## TASK TO CARRY OUT
Give a verbatim repeat of the lines that run from the line containing "Full list on our blog, link in bio!" to the end of the data below.

## RECORDS FOR THE EXERCISE
++++++++++

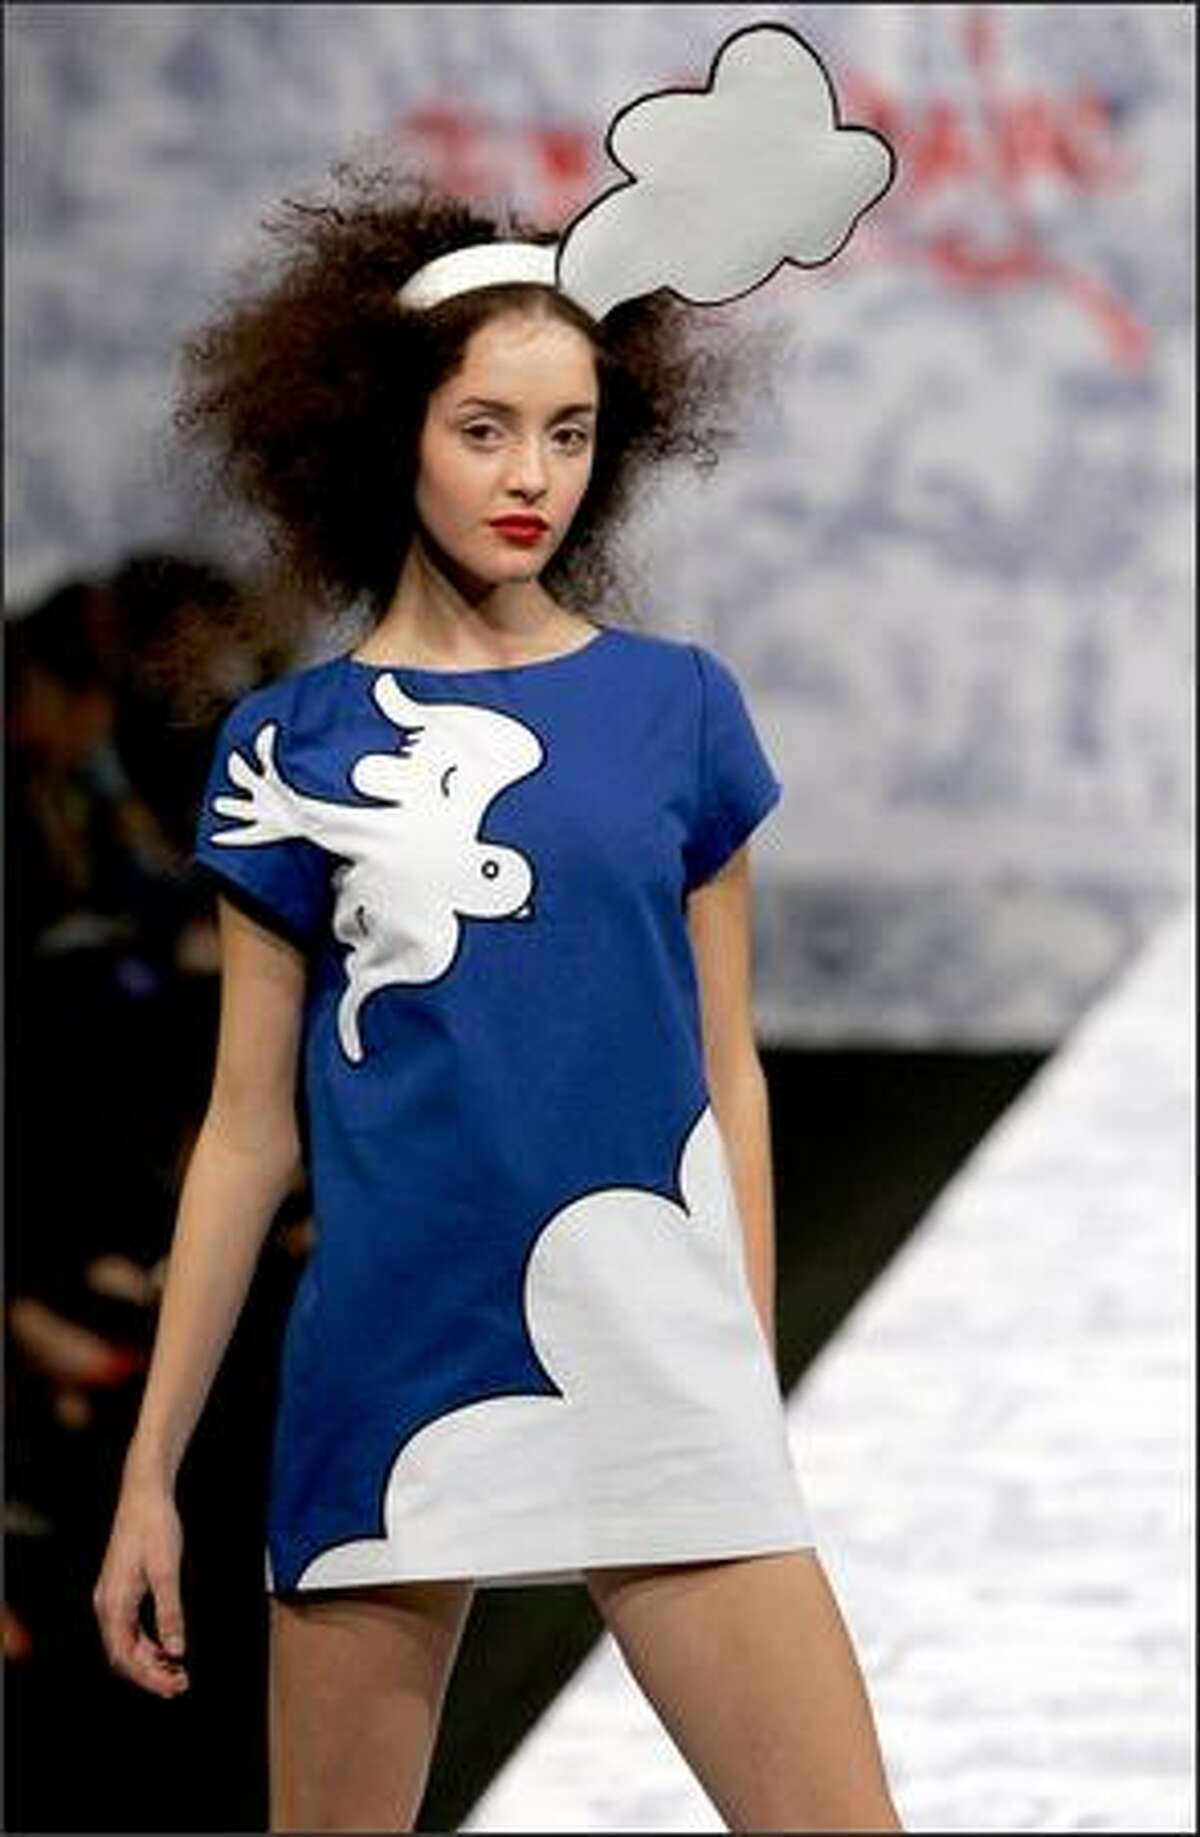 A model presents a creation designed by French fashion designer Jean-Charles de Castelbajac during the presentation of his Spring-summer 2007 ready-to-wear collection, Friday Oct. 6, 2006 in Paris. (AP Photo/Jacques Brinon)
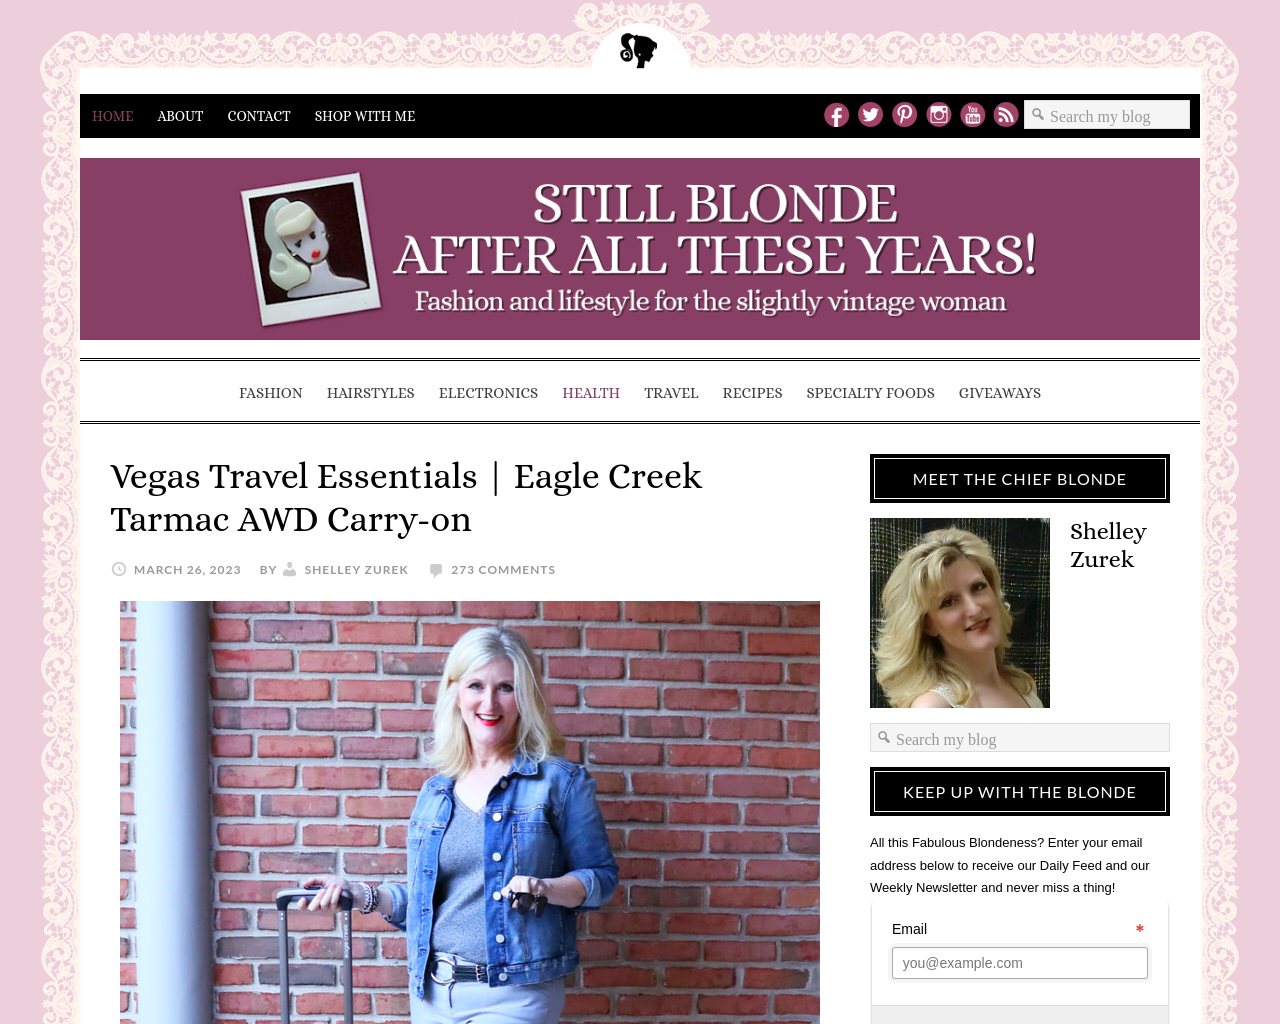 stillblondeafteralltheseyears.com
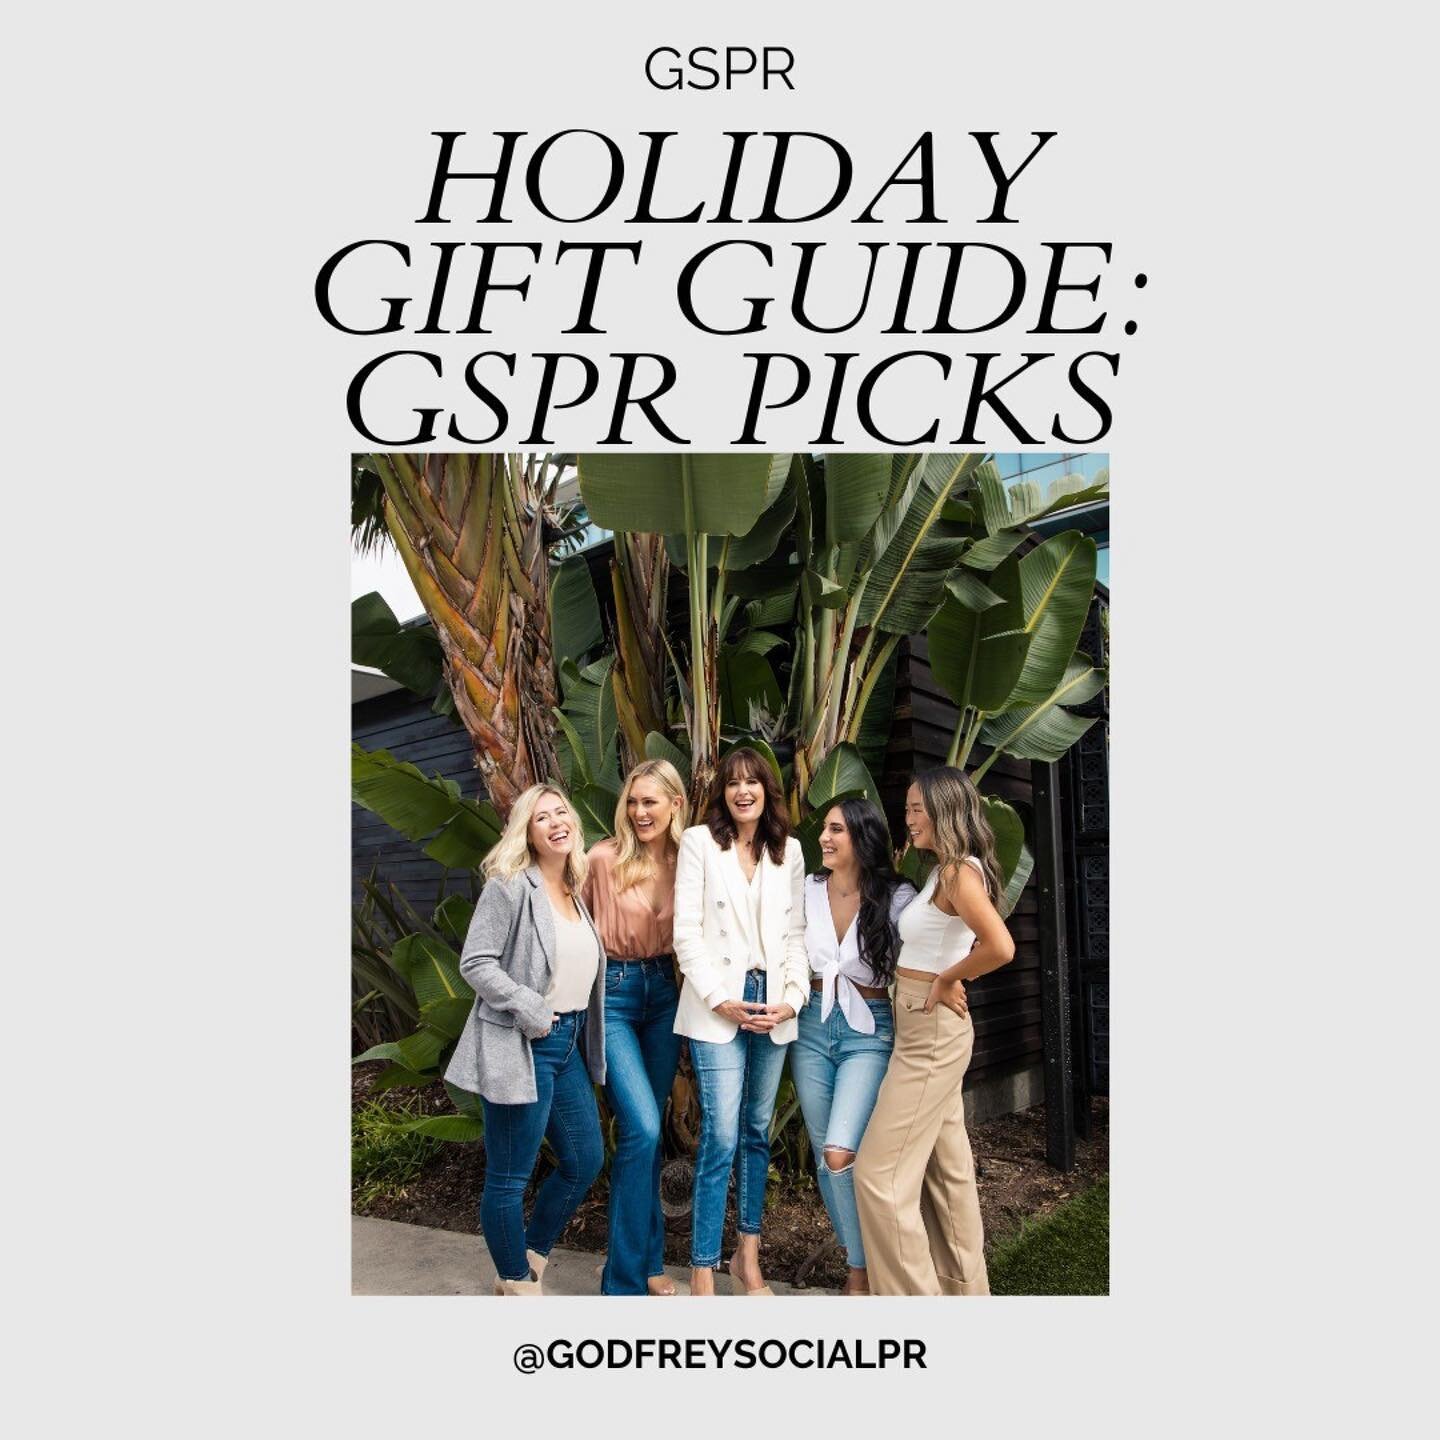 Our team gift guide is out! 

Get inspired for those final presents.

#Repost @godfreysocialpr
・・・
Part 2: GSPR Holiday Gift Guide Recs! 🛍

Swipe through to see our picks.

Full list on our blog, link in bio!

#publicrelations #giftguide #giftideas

++++++++++

## RESULT
Full list on our blog, link in bio!

#publicrelations #giftguide #giftideas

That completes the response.